• [INFORMATION SHOWN]
____
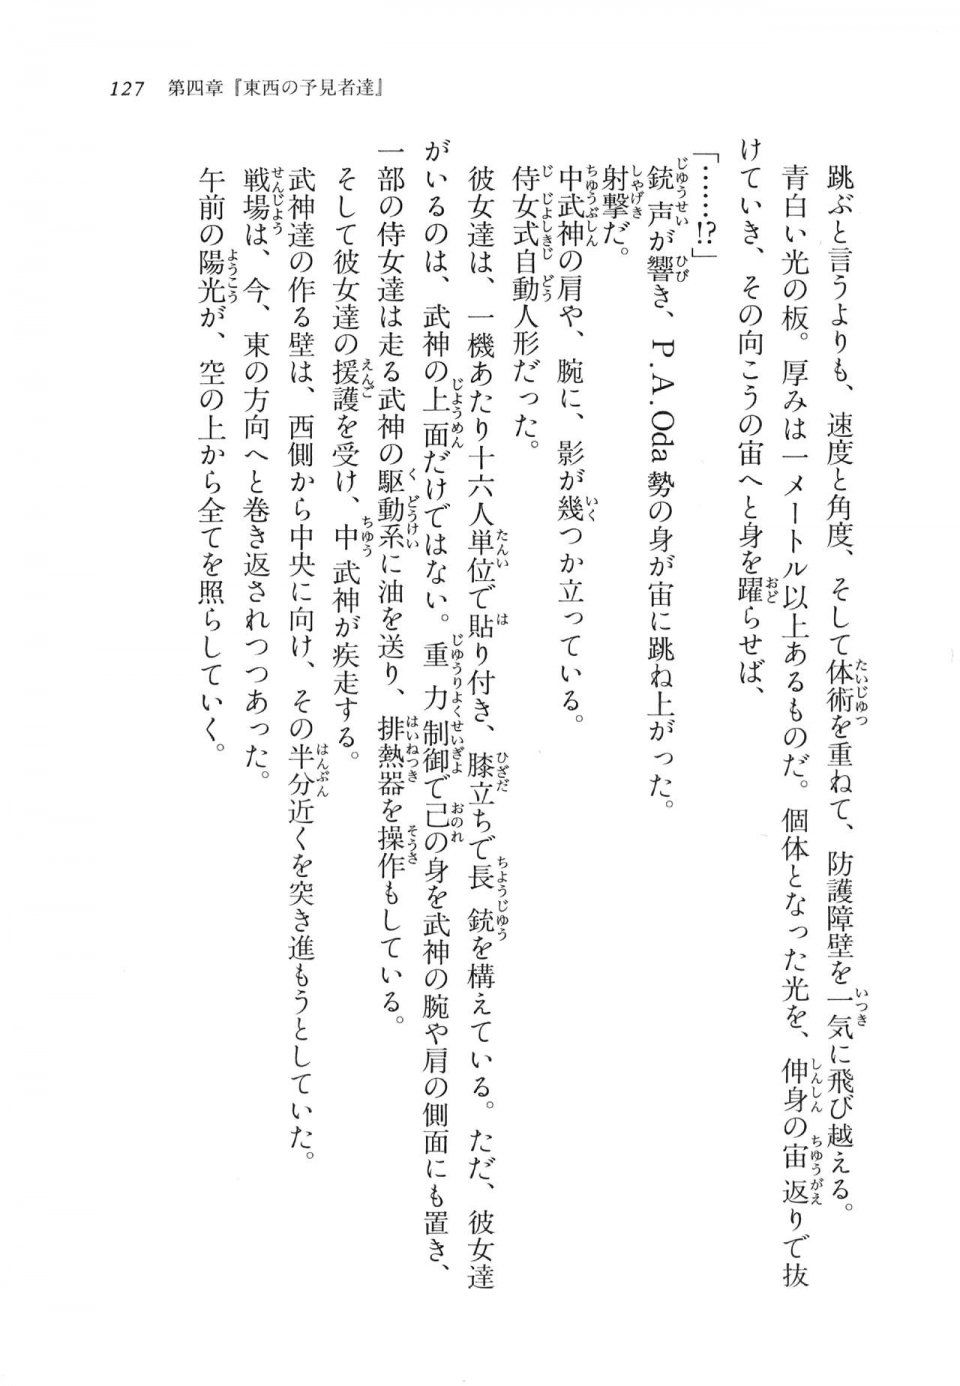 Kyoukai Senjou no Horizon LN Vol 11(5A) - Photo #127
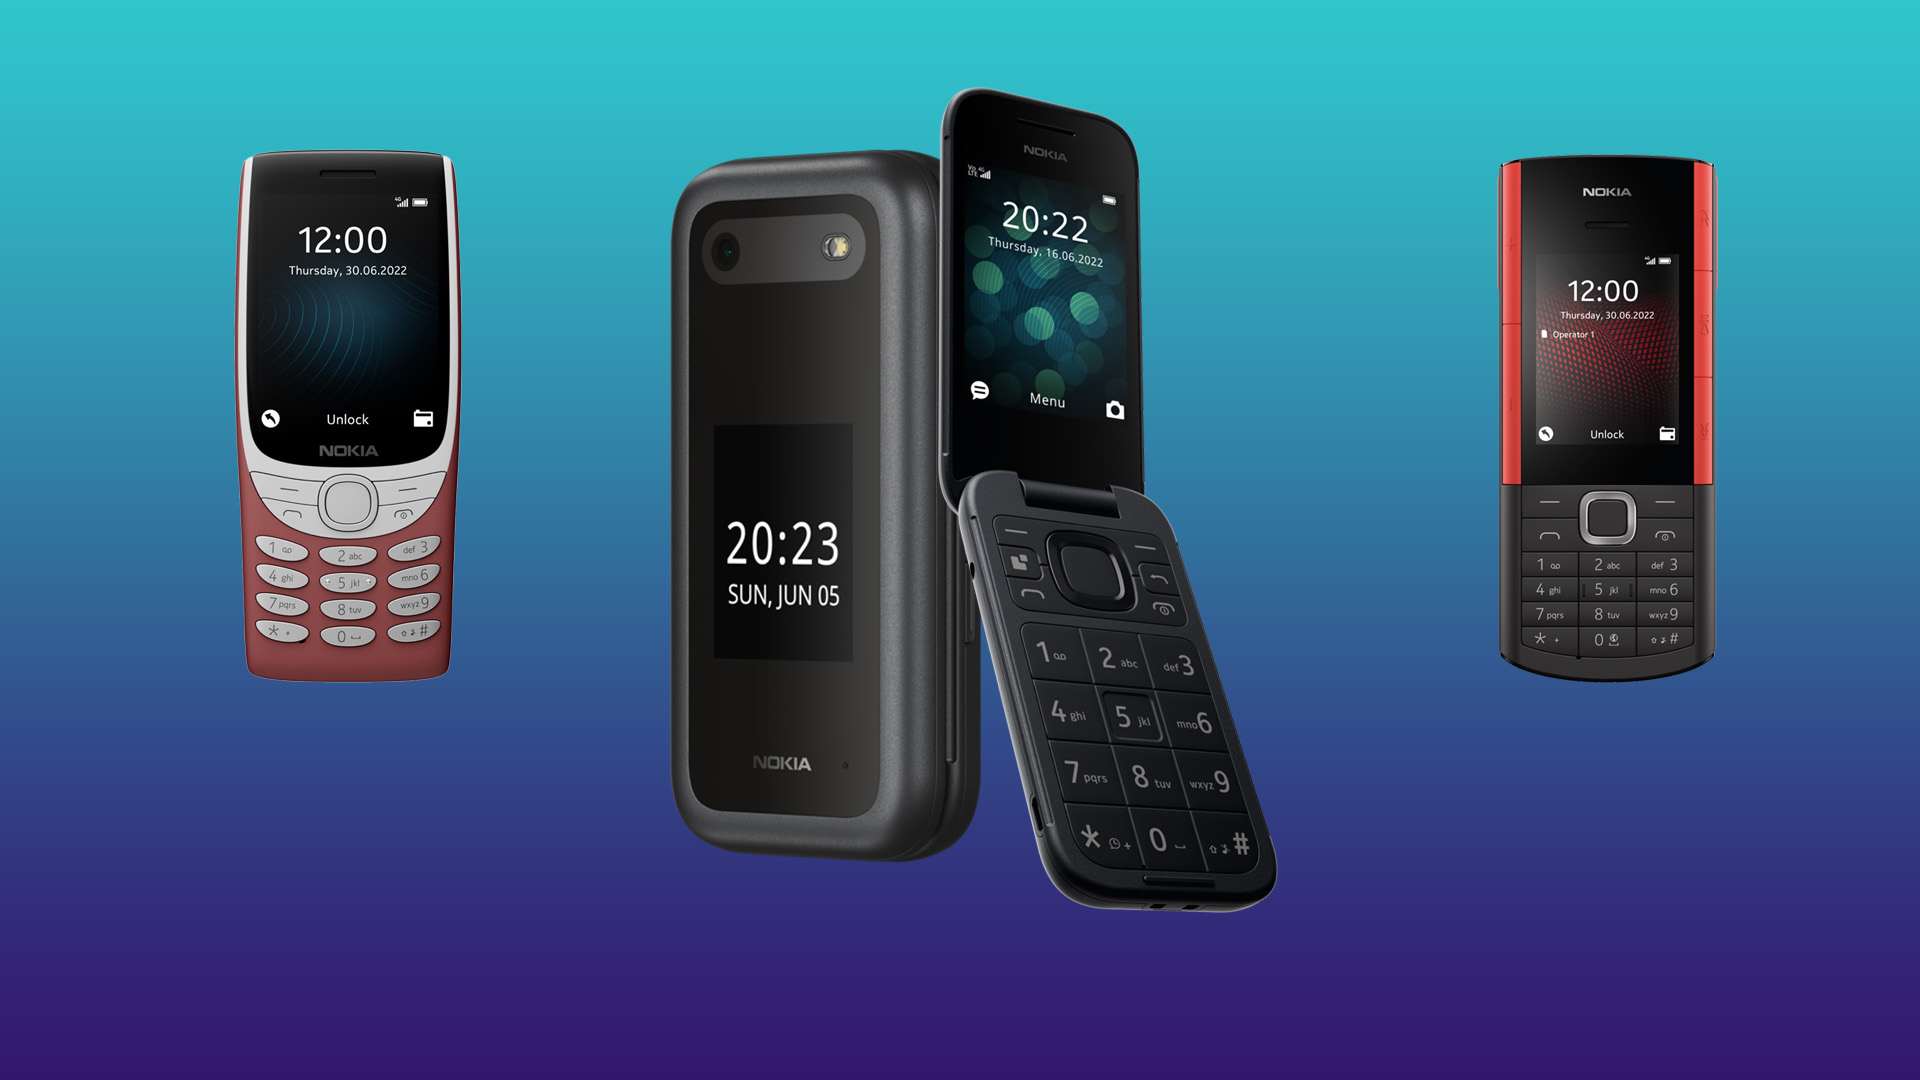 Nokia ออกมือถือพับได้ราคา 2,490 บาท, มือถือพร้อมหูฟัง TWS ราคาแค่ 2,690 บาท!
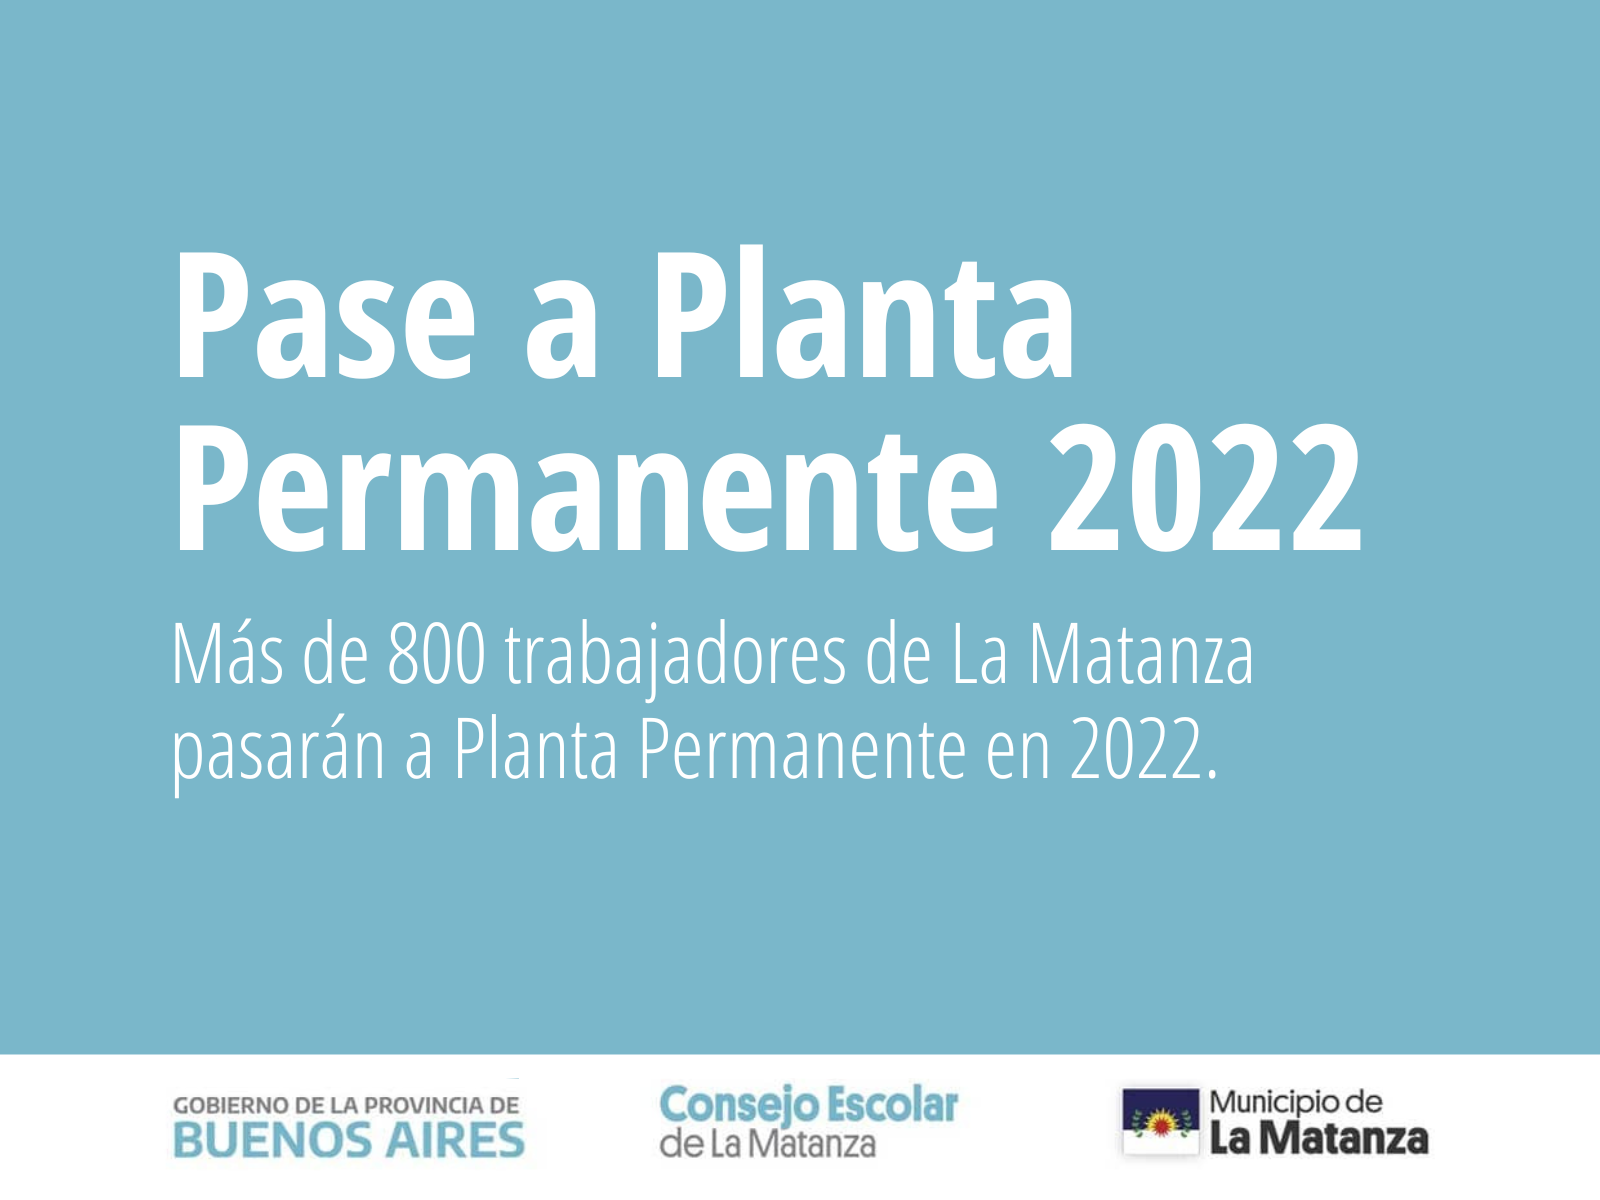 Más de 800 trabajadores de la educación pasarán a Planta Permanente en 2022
____
• [WHAT IS REQUIRED] Copy out the material word for word, without any images.

• [SOLUTION FOR THIS EXERCISE]
 Kyoukai Senjou no Horizon LN Vol 11(5A) - Photo #127
 Nokia ออกมือถือพับได้ราคา 2,490 บาท, มือถือพร้อมหูฟัง TWS ราคาแค่ 2,690 บาท!
 Más de 800 trabajadores de la educación pasarán a Planta Permanente en 2022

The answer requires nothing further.